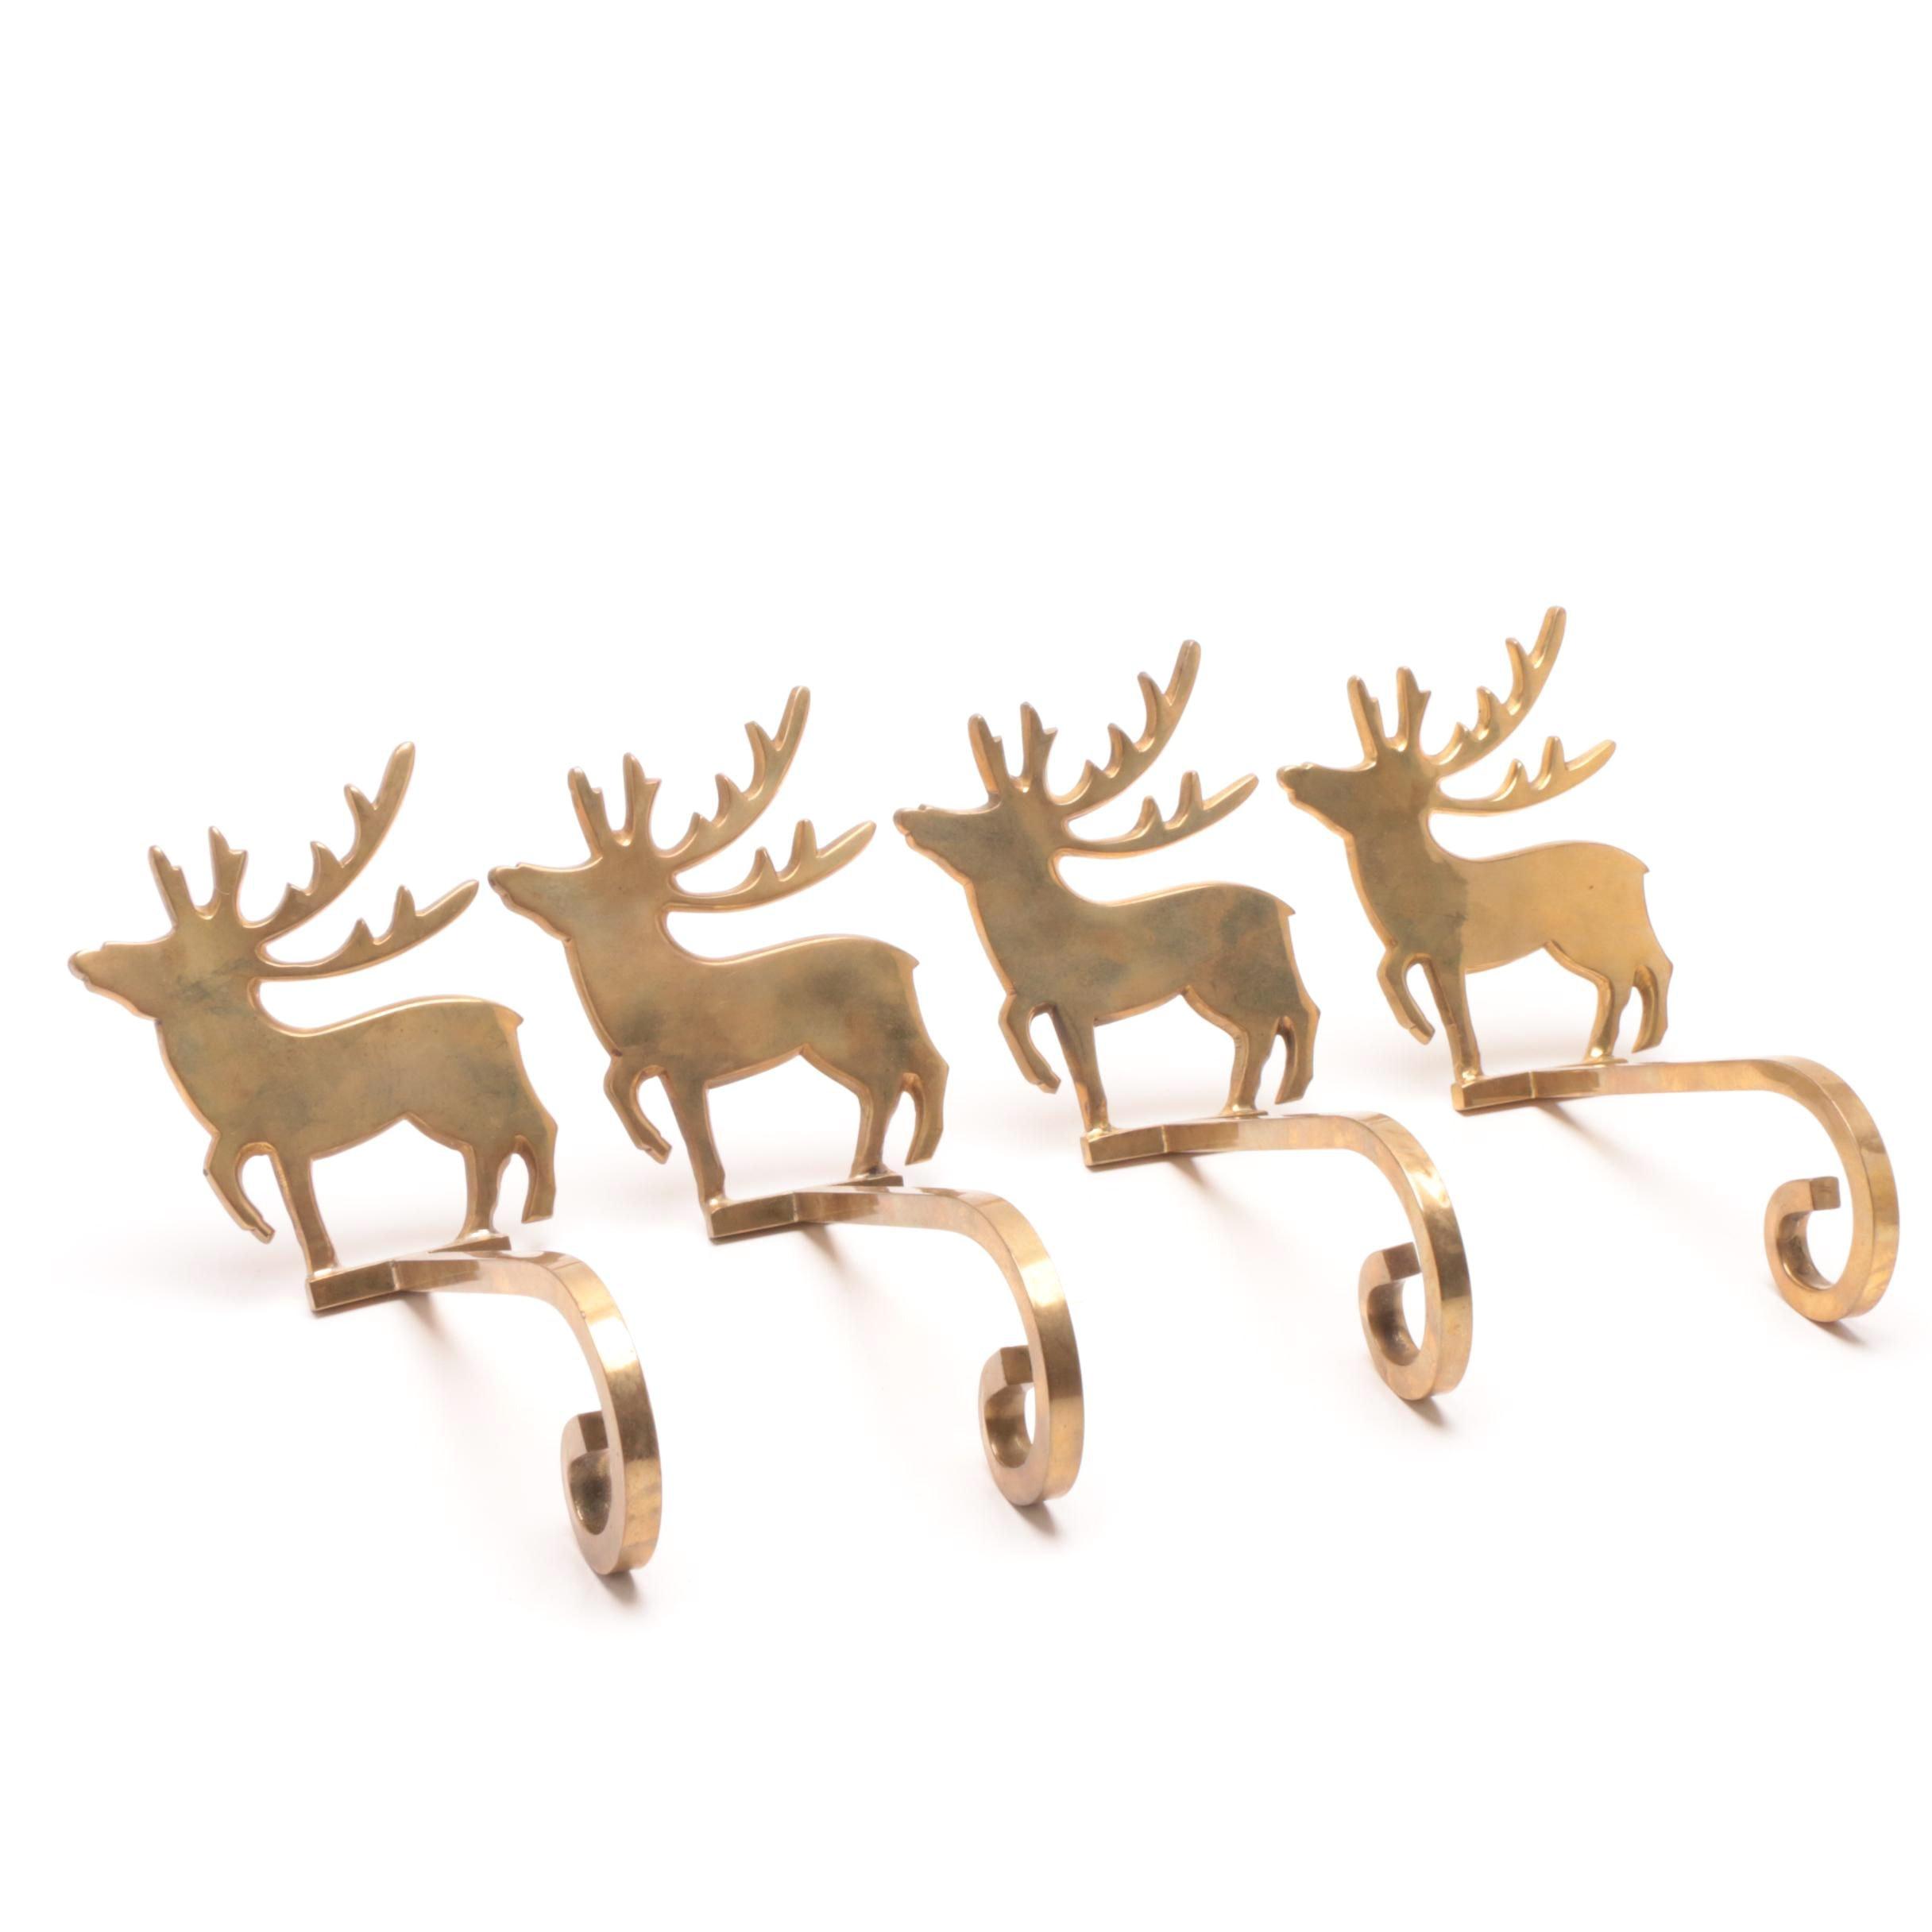 Brass Reindeer Stocking Holders
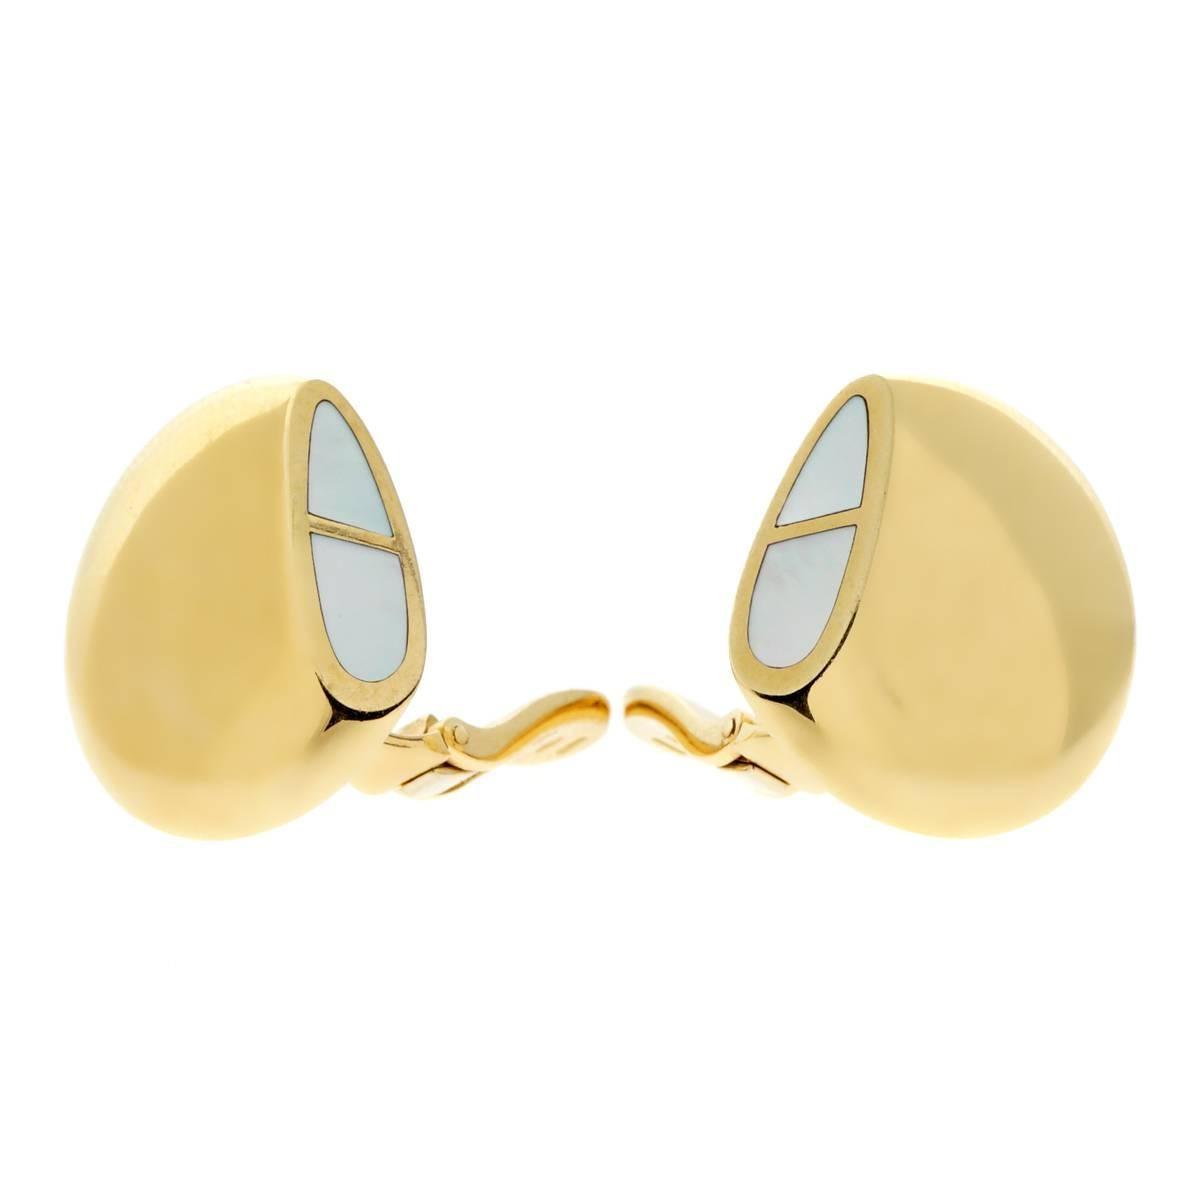 Hermes Gold Mother-of-Pearl Earrings
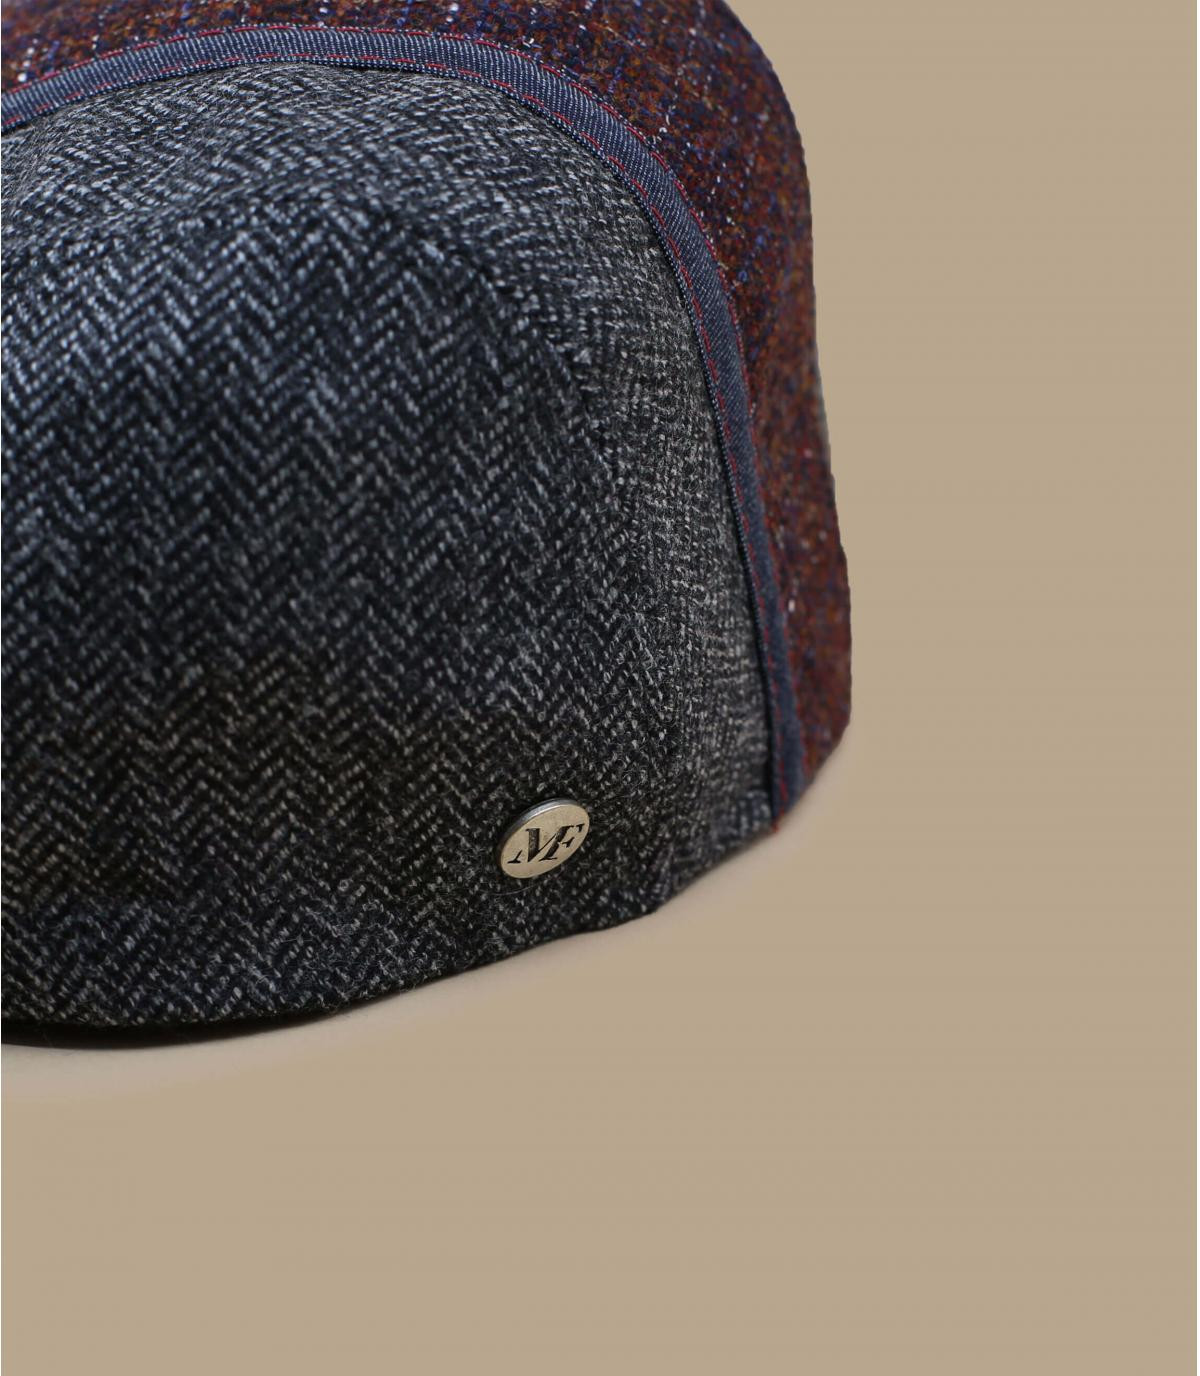 Flatcap zweifarbig grau bordeaux

______

- Exercise
The whole listing should be restated word for word, with no pictures.

- Output of the exercise
 Brass Reindeer Stocking Holders
 Hermes Gold Mother-of-Pearl Earrings
 Flatcap zweifarbig grau bordeaux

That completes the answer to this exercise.